NeglectMy mother has a very high-profile, important job, and she likes it. Power probably has a lot to do with that.
It consumes practically all of her time, but that's her choice - she's a workaholic, she does her job well, and she'd be like that even with a lesser job.
It makes me wonder why she chose to have children in the first place...I don't think it's right to have children if you won't commit to raise them.
She bought me all the stuff I needed but all my life I've seen her about once a week because she's rarely at home or she arrives so late that everyone else is asleep. I don't mind now, I can take care of myself, but I don't feel like she's my mother at all. The only conversations we had when I was little were about how important it was that I beat all the other kids at maths and that my grades should be at the top so I could be like my older brothers and like my parents, and that I should be careful about what I eat because nothing is worse than a fat woman. That's all she taught me: be pretty, be thin, be successful; nothing else matters.

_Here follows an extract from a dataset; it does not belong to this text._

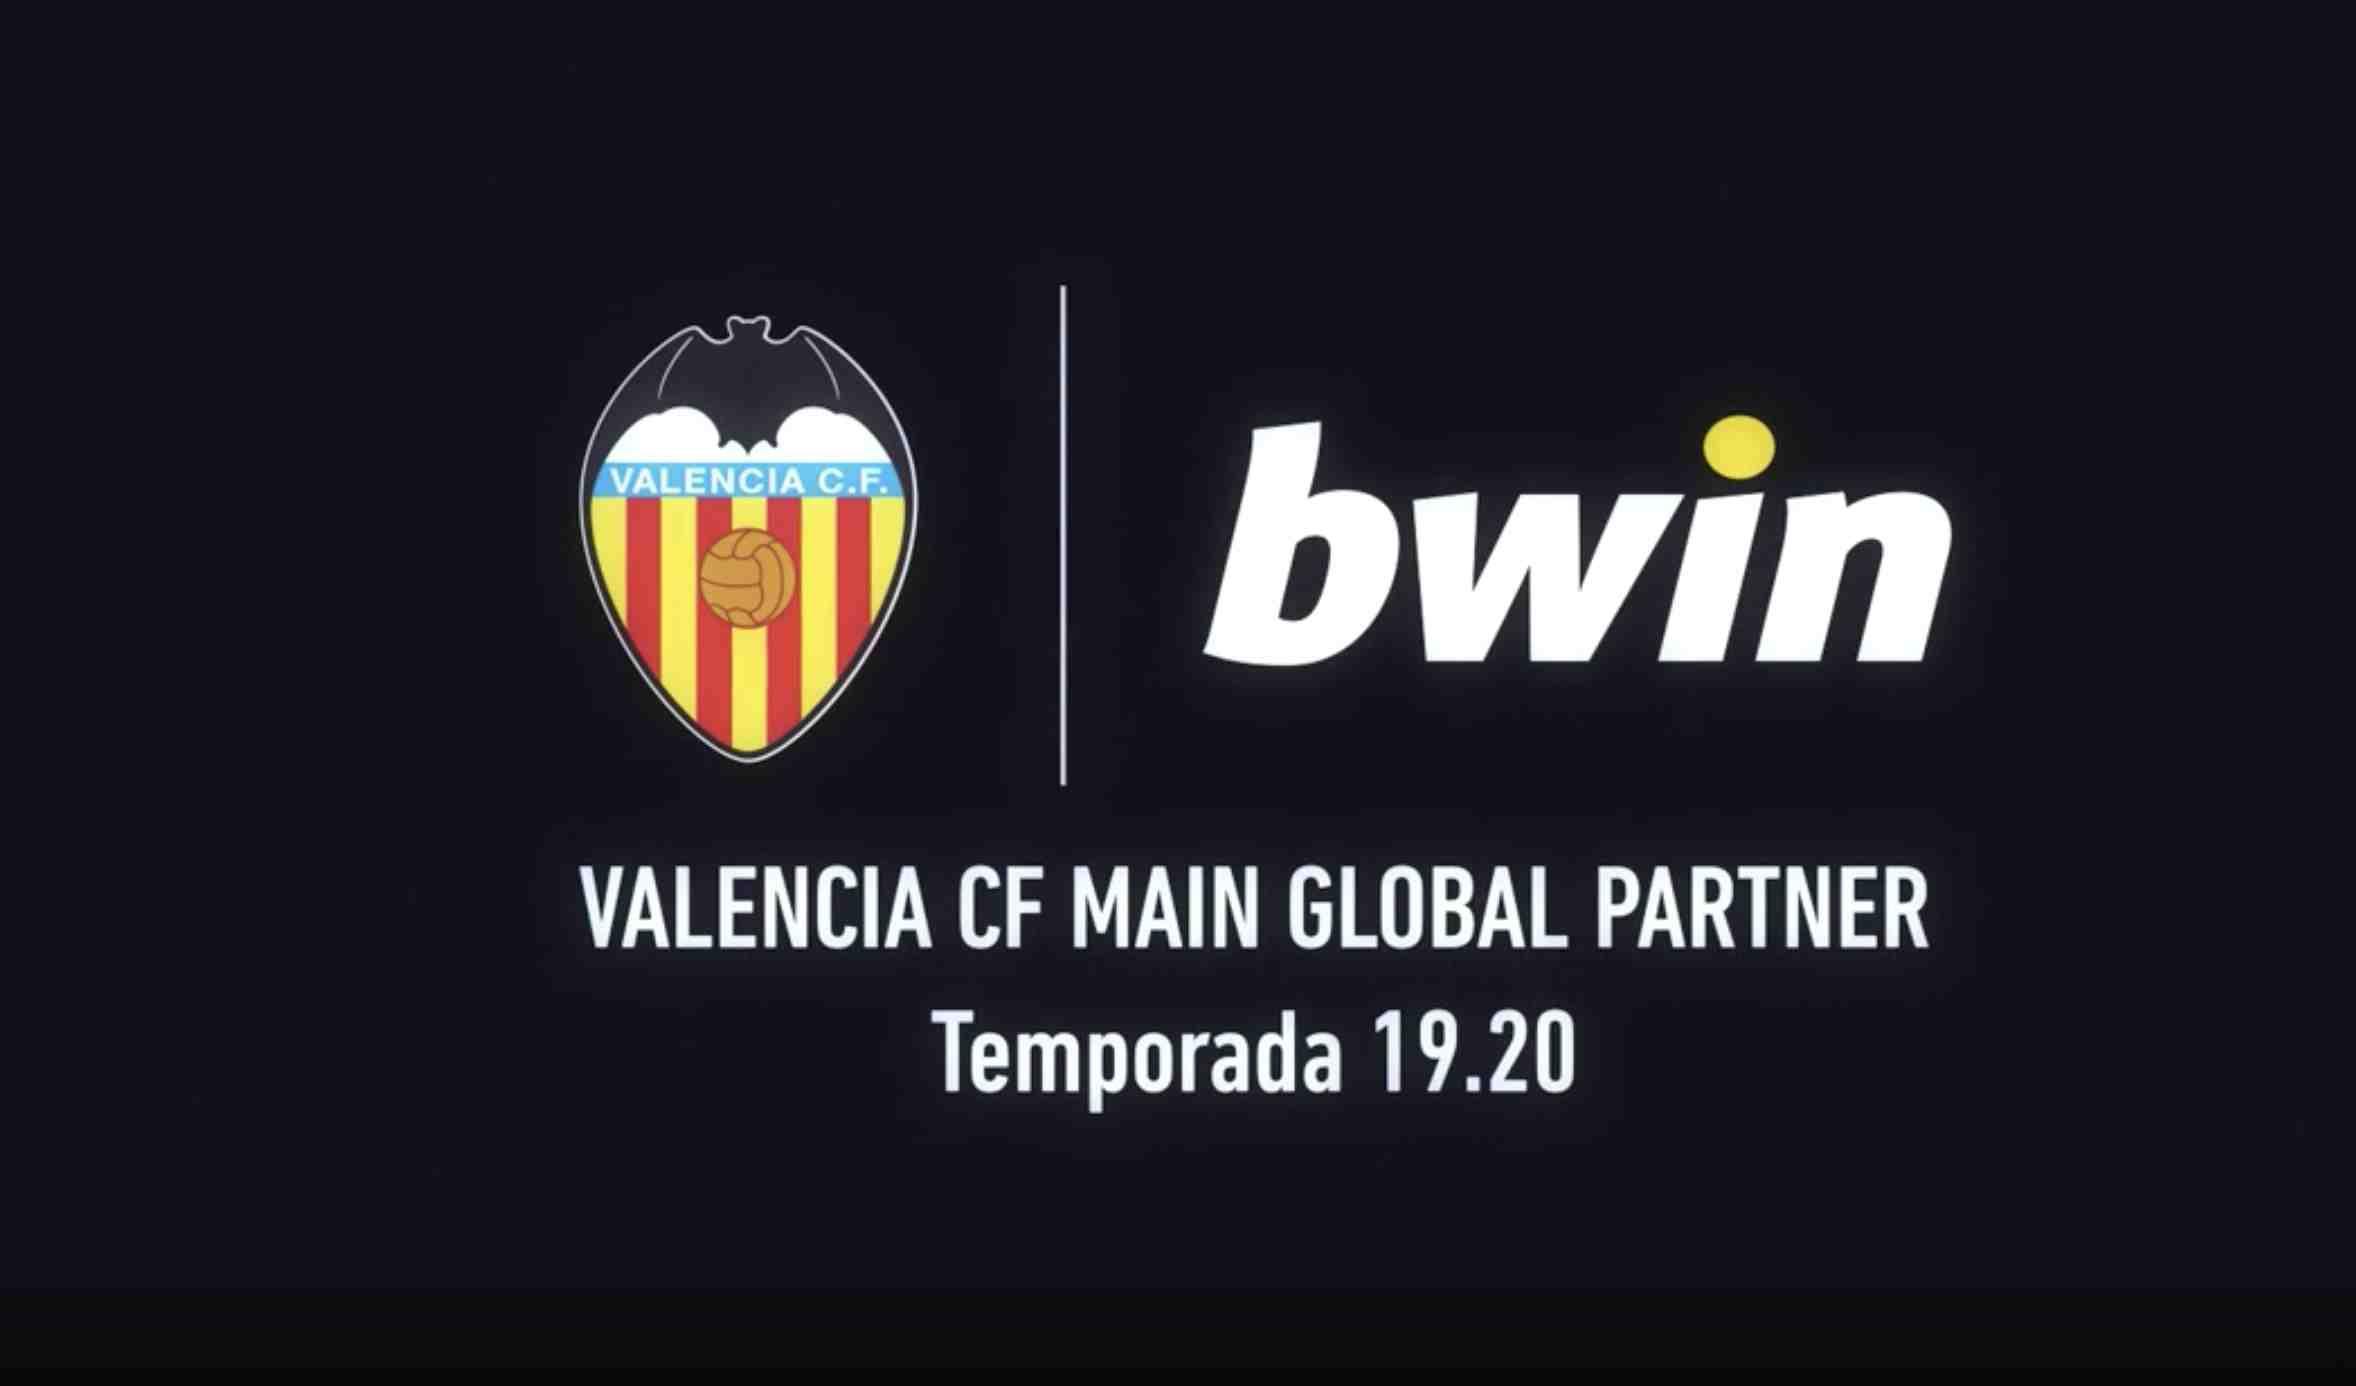 Sports Betting Sponsorship Deals In English Football Championship, Spanish La Liga

When I was in fourth grade my only friend betrayed me and left me alone and my grades went down. I want to clear something up first: I don't live in the USA. I live in a country where there's obscene inequality of opportunities - public schools are so extremely bad, that poor people can only stay poor. Seriously, kids graduate from them without being able to understand what they read, while in private schools children are trilingual.
My mother was pissed that my grades were bad that year so she gave me an ultimatum: next semester, if your grades are at least [insert almost-maximum grade here] I will take you on a trip to see all of europe and I'll buy you whatever you want. However, if they're lower than [...], I'll consider that your education is not worth paying for and I'll just put you in any public school.
I made an effort that semester, but not so great as to get the trip. I didn't want it, the whole thing was a really insulting display of how utterly conditional her "love" was. I told her, I don't want your trip at all.
I had to grow up and mature as a person very, very early on because I understood no one was ever going to play with me, help me with my homework, listen to me cry or help me with boy troubles. I never cried anyway, it was seen as shameful sign of weakness at my house.
I don't need her now and haven't for years, but I can't really forgive her that easily for what she did and didn't do. Her legacy is a person who is extremely reserved, traumatized with her weight and, indeed, academically successful. If I ever choose to become a mother, I promise I will give all I've got to be the best mother in the world, because I don't think a person should even be allowed to have children if they don't have the time to raise them, the money to feed them, and love to give them.